Obtaining of Co–B–C Alloys
The Co–B–C alloys were obtained in the process of electrodeposition from the electrolyte containing aqueous solutions of cobalt sulfate (CoSO4∙7H2O, 0.2 M), ascorbic acid (C6H8O6, 0.2 M), ammonium chloride (NH4Cl, 0.2 M), borax (Na2B4O7·10H2O, 0.1 M), and arginine concentrated from 0 to 0.1 M. Moreover, sodium lauryl sulfate (SLC) and saccharine were added to the electrolyte. For the prepared solutions, the process of electrolysis was conducted for 2 h for three applied current densities (250, 500, and 1000 A/m2).
Structure of Co–B–C Alloys
In Fig. 8a, the increase in arginine concentration in the electrolyte for alloys deposited at a current density of 250 A/m2 caused an increase in crystalline size from 4.5 to 5.6 nm for a concentration of 0.005 M. Then, a sharp fall of the crystal size to 2.8 nm for the Co–5.6B–6.6C alloy was observed. It is connected with the increase in boron content in the alloy. Next, a gradual increase in Co crystal size is observed at 4.9 nm for an alloy deposited from the electrolyte of the highest concentration of arginine 0.1 M. For the Co–1.7B–5.3C alloy, an amorphous structure was observed. An increase of carbon in the alloy makes the structure to become a mixture of amorphous and hexagonal structures. Further increase in carbon content in the alloy causes a transition of amorphous structure into a hexagonal one for an alloy deposited from the solution of the highest arginine concentration.
In the case of current density of 500 A/m2 (Fig. 8b), the increase of arginine in the electrolyte causes an increase in crystal size from 2.0 nm for the Co–9.7B alloy to 3.5 nm for the Co–5.0B–10.2C alloy. It results from the creation of an amorphous structure for the Co–6.8B–7.0C alloy. Further increase of arginine concentration in the electrolyte for obtaining Co–B–C alloys caused a gradual increase of the grain size. It is connected with occurrence of a hexagonal structure on the basis of the amorphous one. An increase in carbon content in the alloy is accompanied by an increase of the hexagonal structure participation in the alloy structure to finally transit into it completely for Co–5.0B–10.2C.

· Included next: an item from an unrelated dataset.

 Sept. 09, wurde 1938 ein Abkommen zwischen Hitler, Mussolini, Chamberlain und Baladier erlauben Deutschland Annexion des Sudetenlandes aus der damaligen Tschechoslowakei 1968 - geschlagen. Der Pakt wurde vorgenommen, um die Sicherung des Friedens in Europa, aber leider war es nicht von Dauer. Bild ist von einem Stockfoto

Co–B–C alloys deposited from solutions of arginine concentration from 0 to 0.1 M for current density 1000A/m2 are characterized by an amorphous structure which is clearly seen for Co–9.5B–4.3C and Co–8.6B–6.3C alloys deposited from solutions of arginine concentration from 0.001 to 0.005 M. Further increase of arginine concentration in the electrolyte causes an increase of crystalline size up to 4.6 nm for the alloy of the highest content of carbon. It is caused by occurrence of a hexagonal structure on the basis of the amorphous one for the Co–5.7B–6.7C alloy. Significant changes occurring in the estimated cobalt crystal size for a current density of 500 and 1000 A/m2 are likely to result from application of high current density and differentiation of composition of the obtained cathodic deposits. Changes in the crystalline size of alloys obtained during electrodeposition in three applied current densities are visible in SEM photographs obtained with the use of a scanning microscope. But they are creating agglomerates of crystals, and the size of particles is much bigger.

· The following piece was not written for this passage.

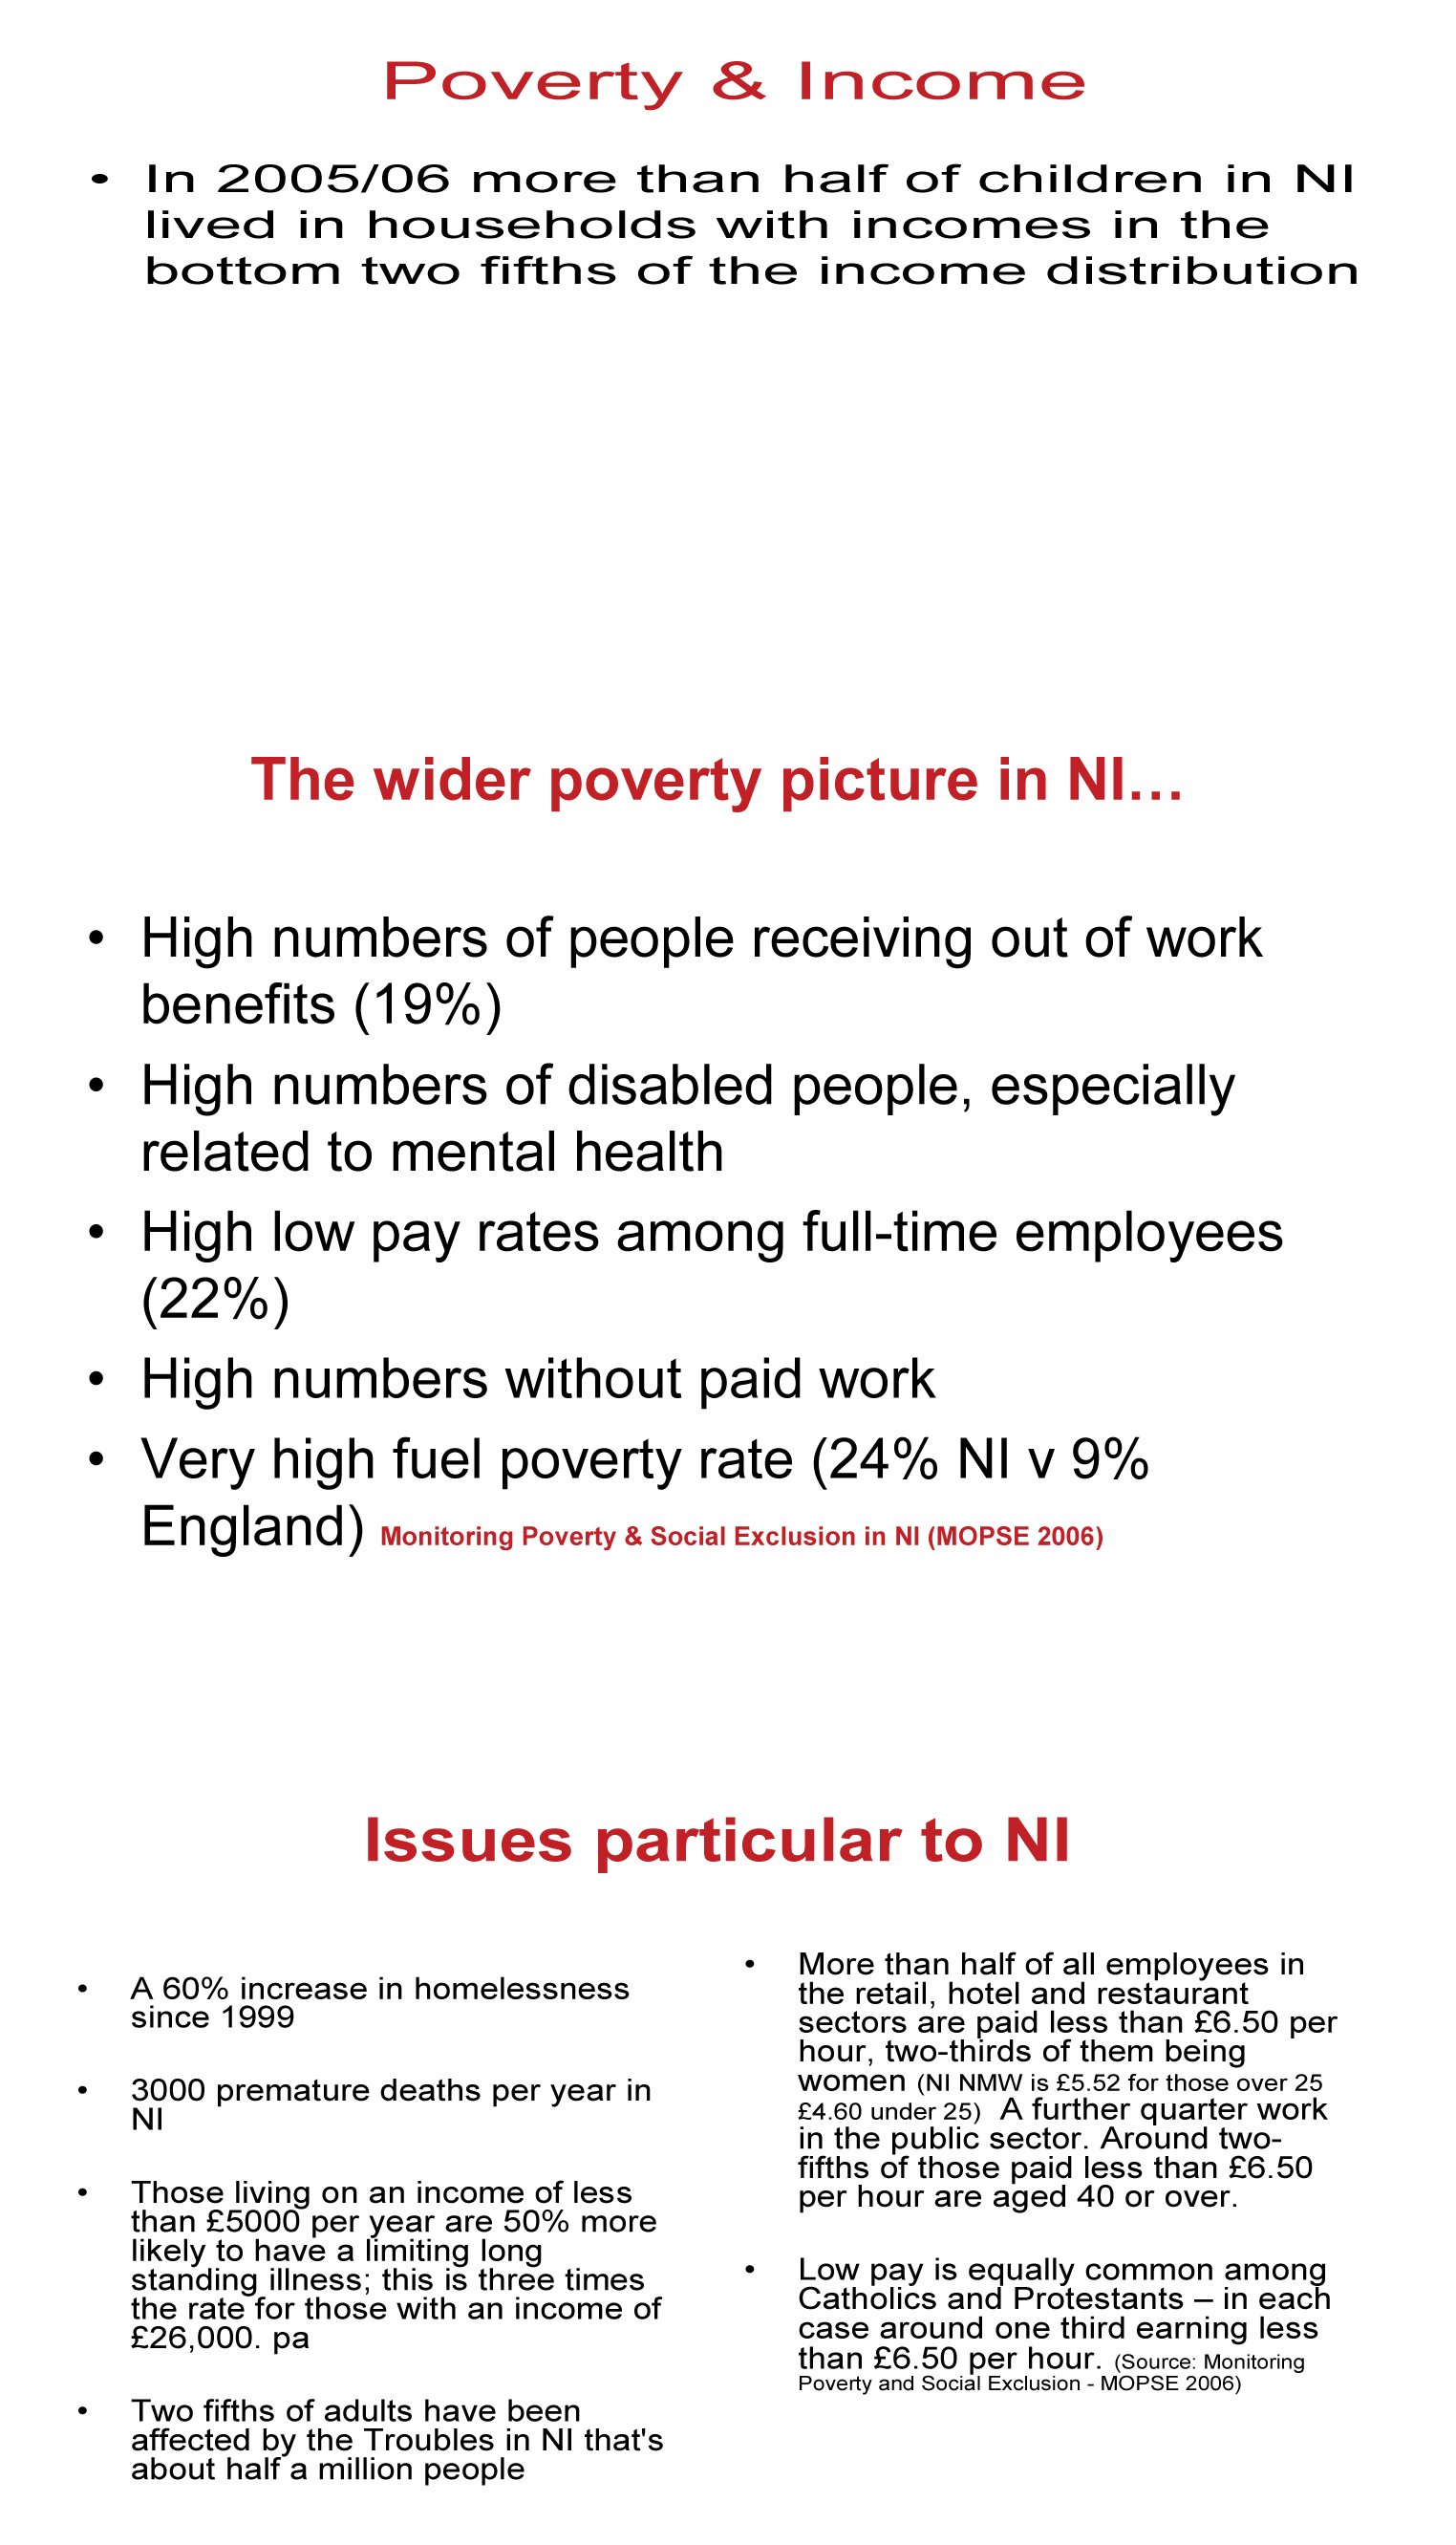 NI Anti-Poverty Network - written submission.pdf

SEM micrographs of Co–B–C alloys electrodeposited for 2 h in the electrolyte (0.2 M CoSO4∙7H2O, 0.1 M Na2B4O7) with different concentrations of arginine
Hydrogen Evolution on Co–B–C Alloys
The increase in carbon content in the alloy made the points on the galvanostatic curve in the process of hydrogen evolution to move away. It means differences in activities of alloys obtained from electrolytes of different arginine contents. Mechanisms of hydrogen evolution on Co–B–C alloys are the same as on Co–B alloys. For the Co–8.2B–9.6C alloy deposited at a current density of 250 A/m2, the Tafel slope inclination amounts at 33 mV/dec which means that the slowest phase is the reaction of recombination of two adsorbed adjacent atoms with creation of a hydrogen molecule. For Co–B–C alloys deposited at a current density of 500 A/m2, the Tafel slope inclination is about 66 mV/dec for all alloys with arginine. The mechanism of the hydrogen evolution process is not defined, and it depends on morphology and occurrence of domains of amorphous and hexagonal structure in the structure. For alloys deposited at a density of 1000 A/m2, the Tafel slope inclination varies between 42 and 46 mV/dec for all Co–B–C alloys. It suggests that the slowest phase is the recombination of two adsorbed atoms with creation of a hydrogen molecule. Although Co–B–C alloys were usually of hexagonal structure, addition of carbon to Co–B alloy caused that catalytic properties of the alloys were better than catalytic properties of Co–B amorphous alloys.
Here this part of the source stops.